Ivan Kelly commented on BOOKKEEPER-272:
---------------------------------------

New patch is a lot clearer. Comments follow;

- The changes to ServerConfiguration are unnesessary. The paths aren't actually configurable, so the shouldn't be in the configuration. Also, i don't think they should be configurable. I think that all auditor data should be under the auditor znode also. So eventually we'll have the three paths:
      /ledgers/auditor/election
      /ledgers/auditor/failedbookies
      /ledgers/auditor/underreplicated
      /ledgers/auditor/

- Election watcher does an election on the expired event. If you get this event, the bookie will shutdown (see Bookie.java)

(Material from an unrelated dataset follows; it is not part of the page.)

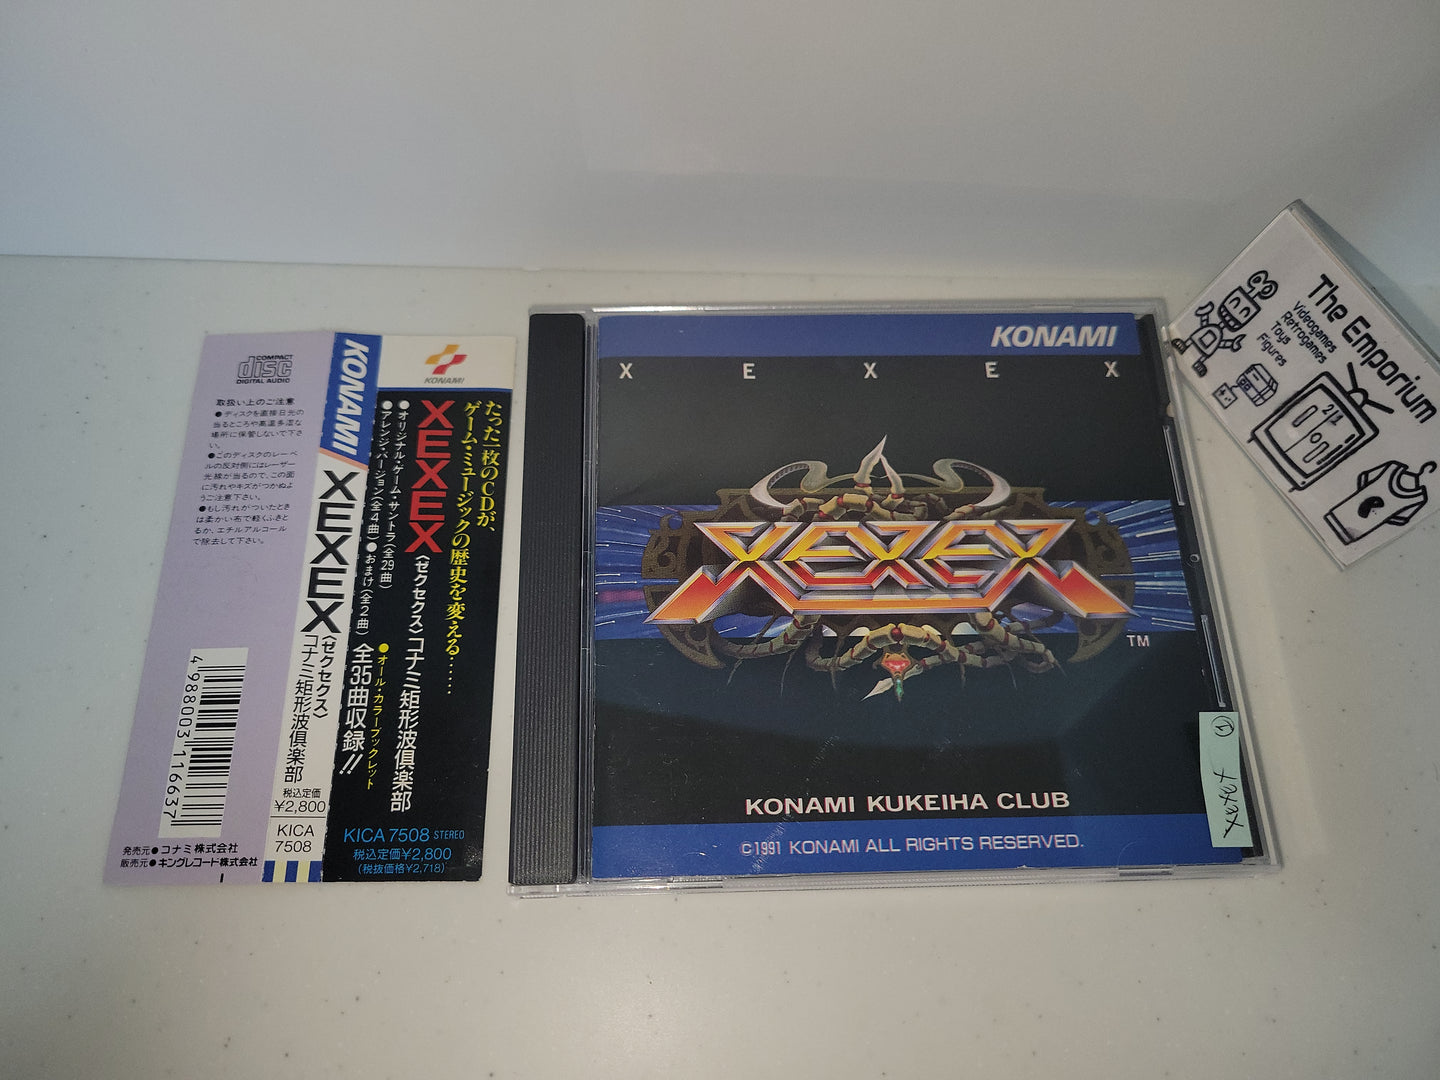 XEXEX - Music cd soundtrack
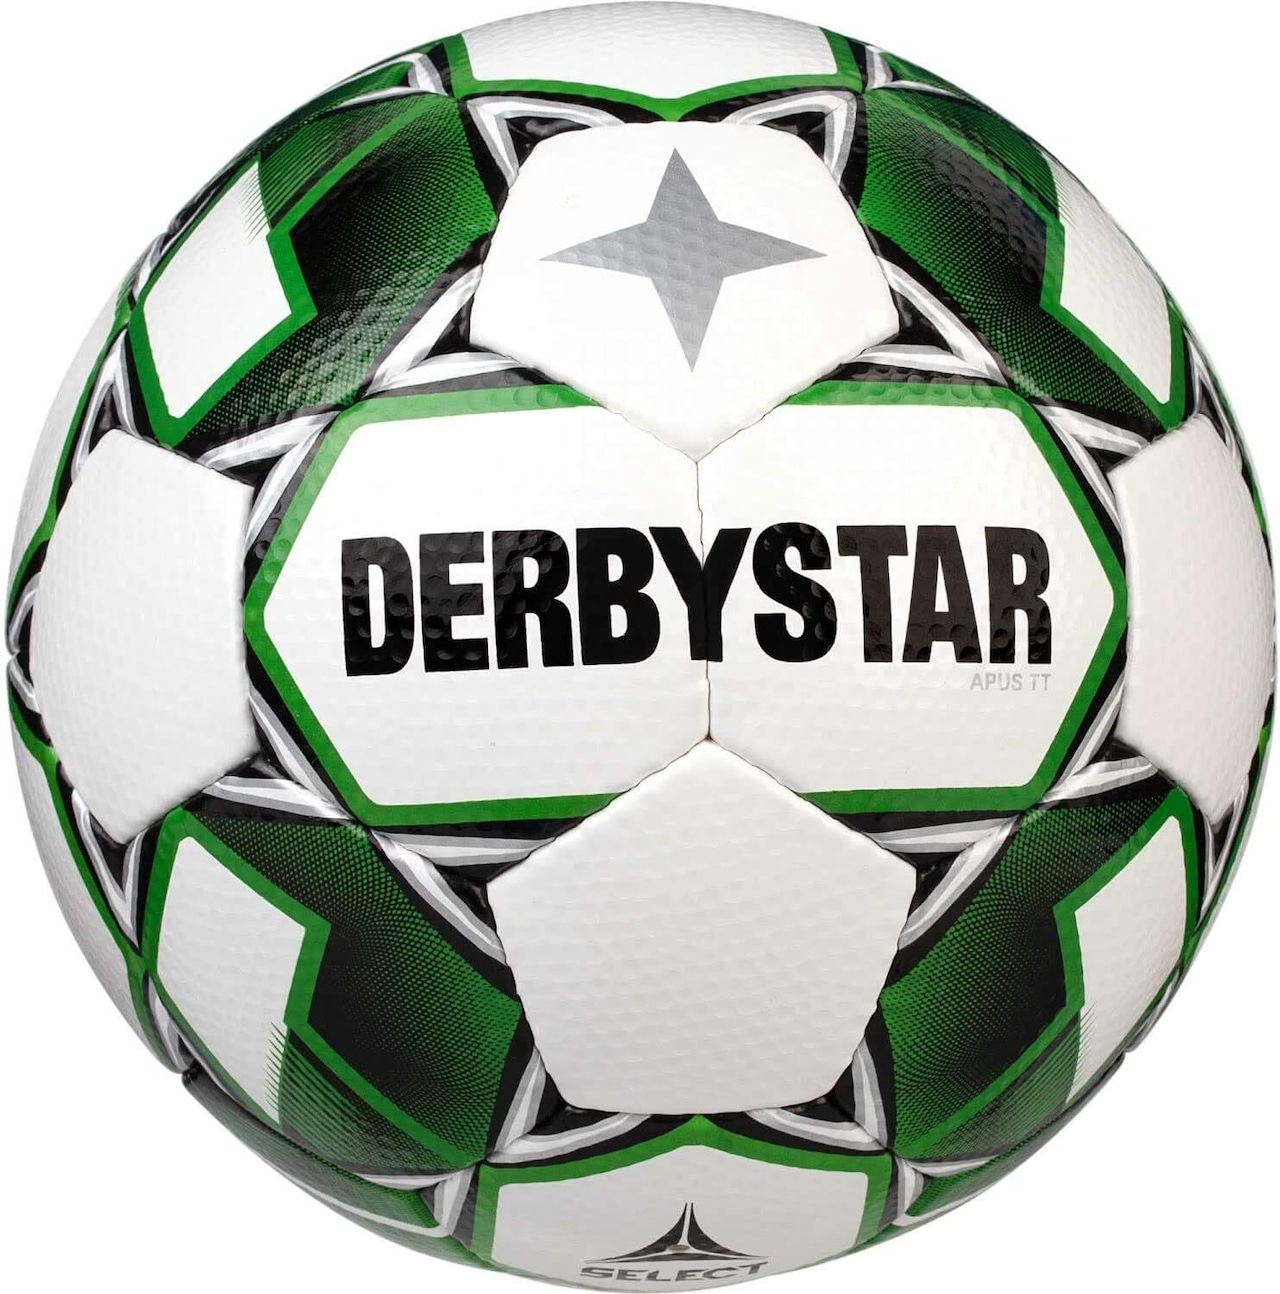 ダービースター(DERBYSTAR) サッカーボール 5号球 APUS(エイパス) TT IMS承認球 ホワイト/グリーン 中学生 高校生 社会人用

- For the moment, and maybe for ever, whether the auditor runs should be configurable. During the course of 4.2 we're going to be building up this stuff incrementally. We should only enable it for tests which specifically use it (to start with).

- getMyInfo() should be called getIdentifier(). It would be great if you could modify registerBookie() to take a String rather than a port, so that the identifier for the bookie is only generated at one point ever.

- Collections.sort() on children isn't fully correct. V_1 & V_10 will sort before V_2, as it sorts alphabetically. Better to define a comparator, which splits on the '_', parses the number and does a comparison of that.

- Checking if you've won the election should be a matter of children.get(0).equals(myVote), once children is sorted correctly. 

- Check for specific exceptions. findbugs warns on catch (Exception e) because this also catches RuntimeExceptions. IOException is the wrong exception to use for this stuff also. Custom exceptions, defined under BookieException.

- Instead of watching a specific node, watch for the ChildrenChanged event on the zkAuditorElectPath. Even the current winner of the election can watch this. When triggered, doElection should be fine, though you should shutdown the Auditor thread if running if you loose the election. 

- I don't understand the point of writing auditor data to the auditor znode. It doesn't seem to do anything.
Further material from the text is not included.